Obviously we have some understanding on the concepts of pushing and polling of data from service endpoints since we basically founded a company on the premise that the world needed a middleware push data service.    Over the last year we have had a lot of success with the push model, but we also learned that for many reasons we also need to work with services via a polling approach.   For this reason our latest v2.1 includes the Gnip Service Polling feature so that we can work with any service using push, poll or a mixed approach.

Now, the really great thing for users of the Gnip platform is that how Gnip collects data is mostly abstracted away.   Every end user developer or company has the option to tell Gnip where to push data that you have set up filters or have a subscription.   We also realize not everyone has an IT setup to handle push so we have always provided the option for HTTP GET support that lets people grab data from a Gnip generated URL for your filters.

One place where the way Gnip collects data can make a difference, at this time, for our users is the expected latency of data.  Latency here refers to the time between the activity happening (i.e. Bob posted a photo, Susie made a comment, etc) and the time it hits the Gnip platform to be delivered to our awaiting users.     Here are some basic expectation setting thoughts.
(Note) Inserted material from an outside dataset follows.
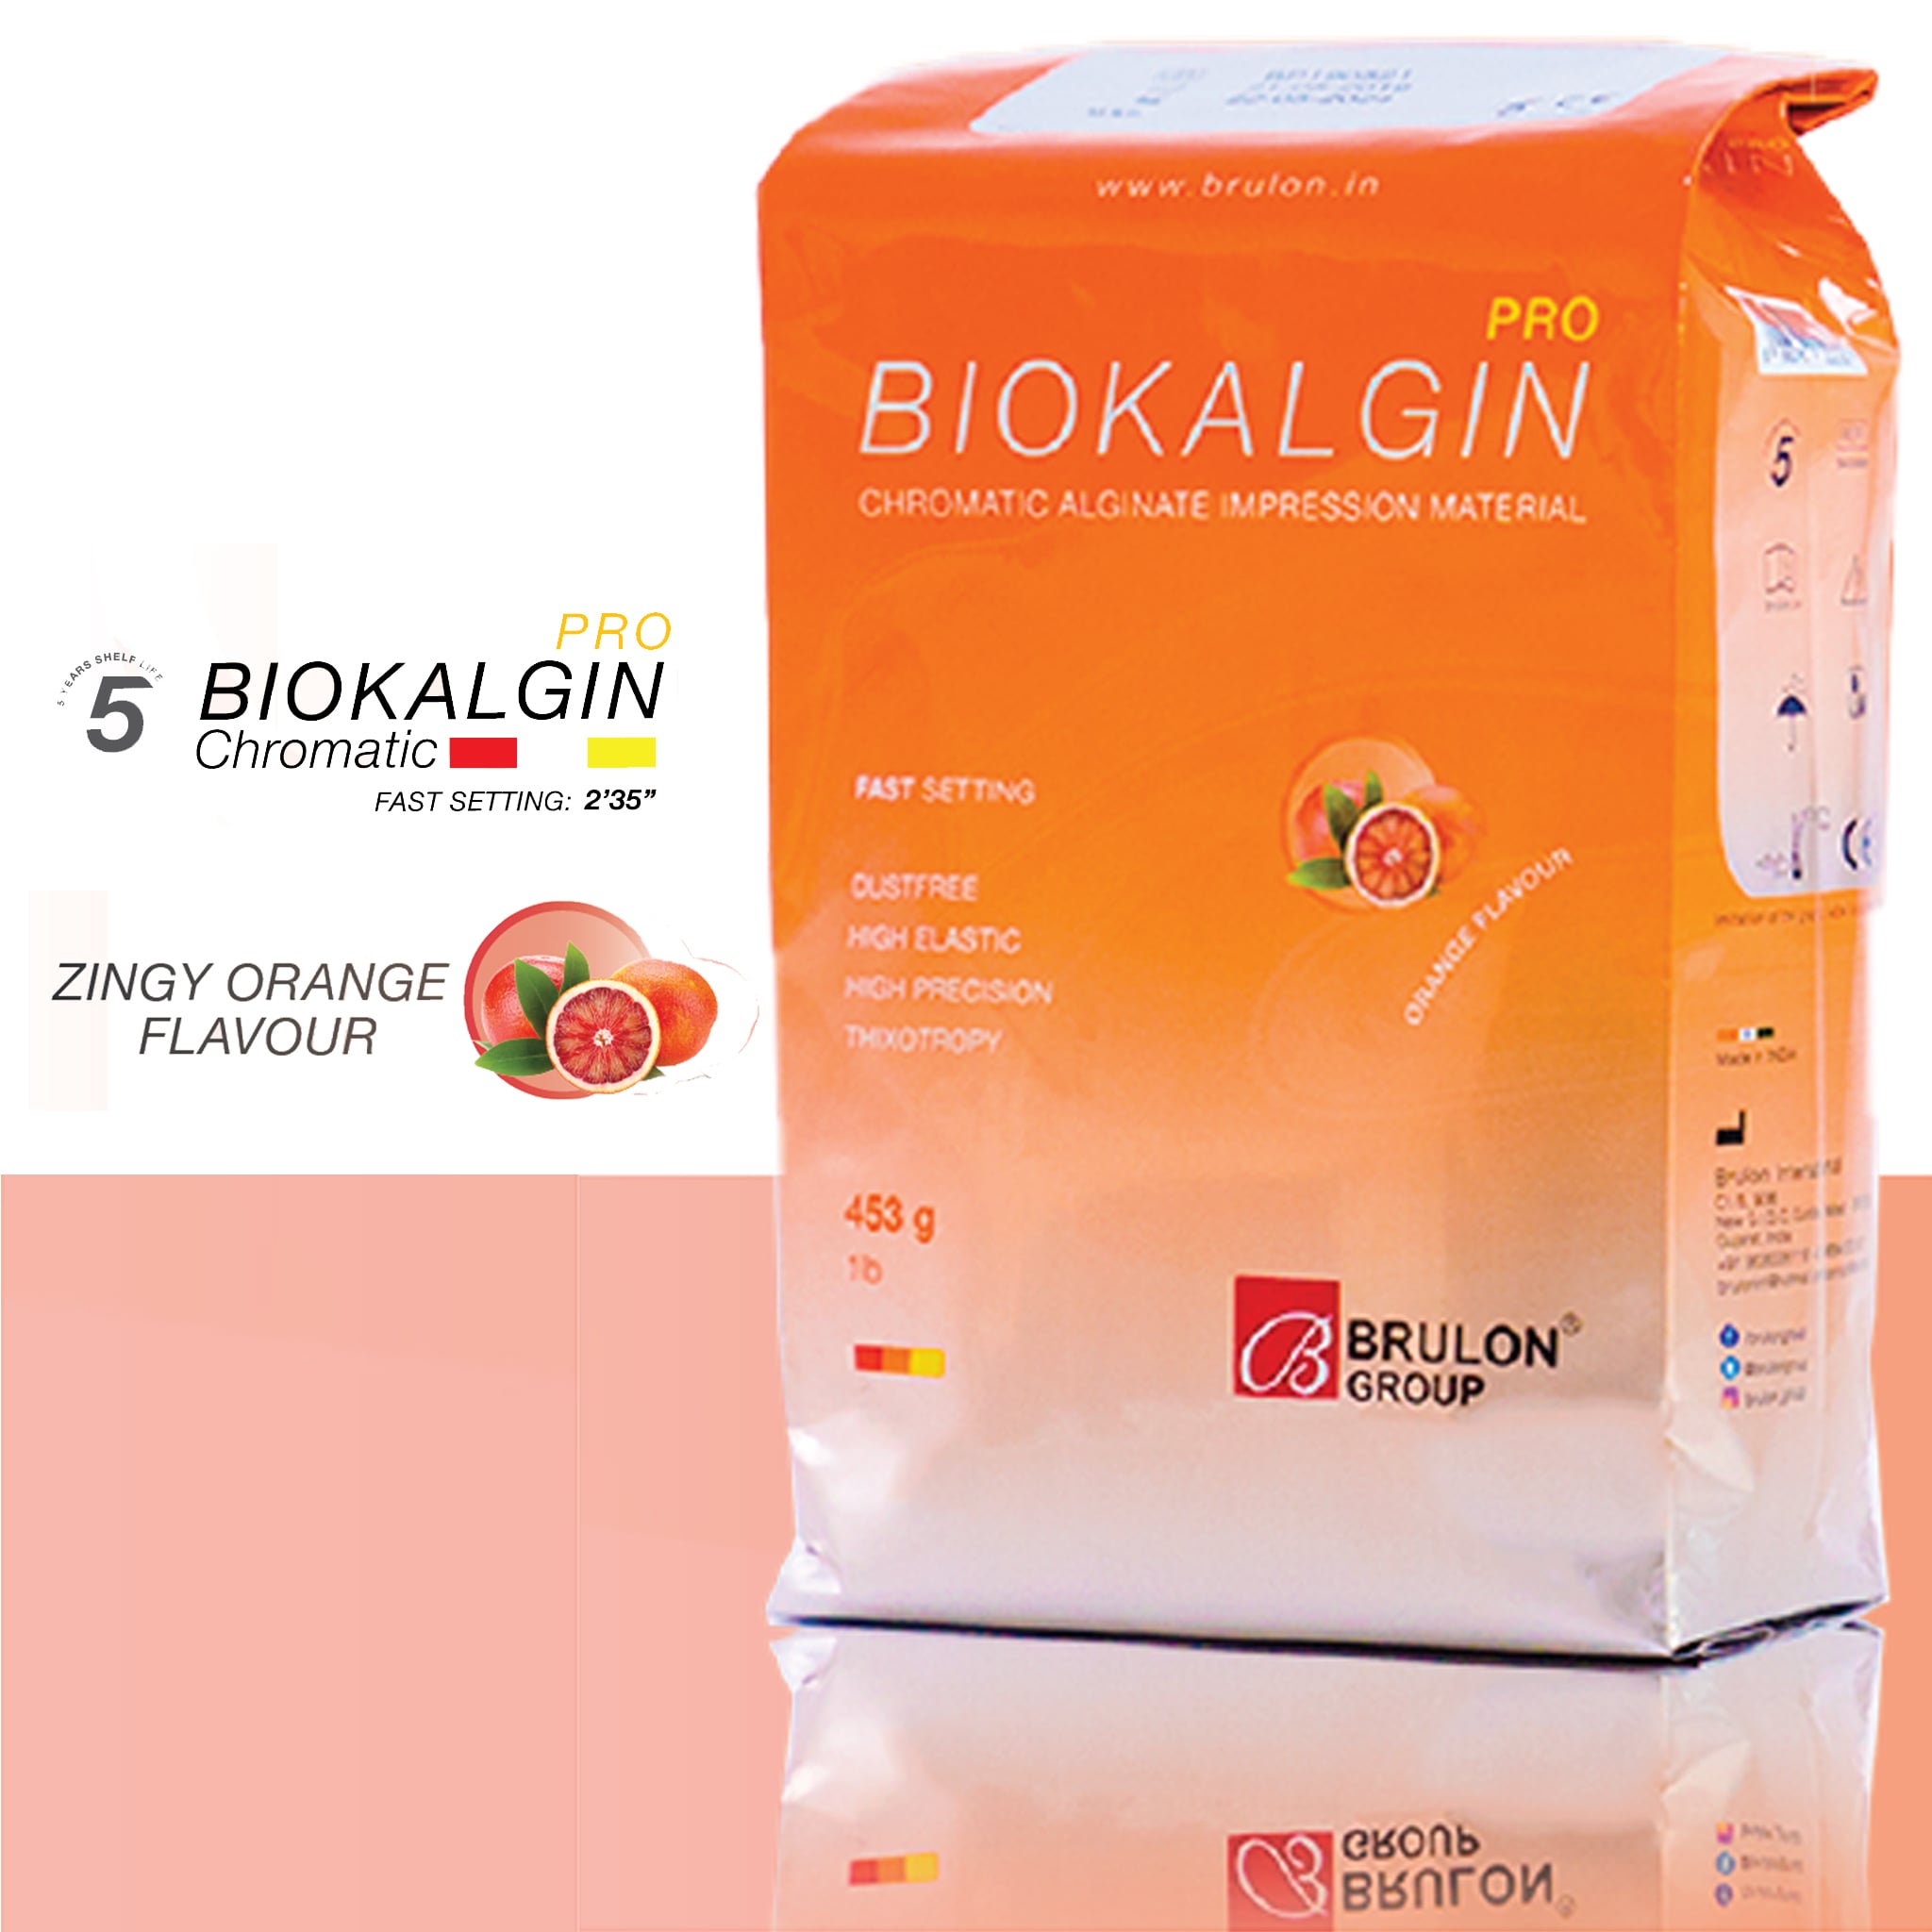 Brulon Biokalgin Pro Chromatic Alginate

PUSH services: When we have push services the latency experience is usually under 60 seconds, but we know that this is not always the case sense sometimes the services can back-up during heavy usage and latency can spike to minutes or even hours.   Still, when the services that push to us are running normal it is reasonable to expect 60 second latency or better and this is consistent for both the Community and Standard Edition of the Gnip platform.

POLLED services:   When Gnip is using our polling service to collect data the latency can vary from service to service based on a few factors

a) How often we hit an endpoint (say 5 times per second)

b) How many rules we have to schedule for execution against the endpoint (say over 70 million on YouTube)

c) How often we execute a specific rule (i.e. every 10 minutes).     Right now with the Community edition of the Gnip platform we are setting rule execution by default at 10 minute intervals and people need to have this in mind with their expectation for data flow from any given publisher.

Expectations for POLLING in the Community Edition: So I am sure some people who just read the above stopped and said “Why 10 minutes?”  Well we chose to focus on “breadth of data ” as the initial use case for polling.   Also, the 10 minute interval is for the Community edition (aka: the free version).   We have the complete ability to turn the dial and use the smarts built into the polling service feature we can execute the right rules faster (i.e. every 60 seconds or faster for popular terms and every 10, 20, etc minutes or more for less popular ones).    The key issue here is that for very prolific posting people or very common keyword rules (i.e. “obama”, “http”, “google”) there can be more posts that exist in the 10 minute default time-frame then we can collect in a single poll from the service endpoint.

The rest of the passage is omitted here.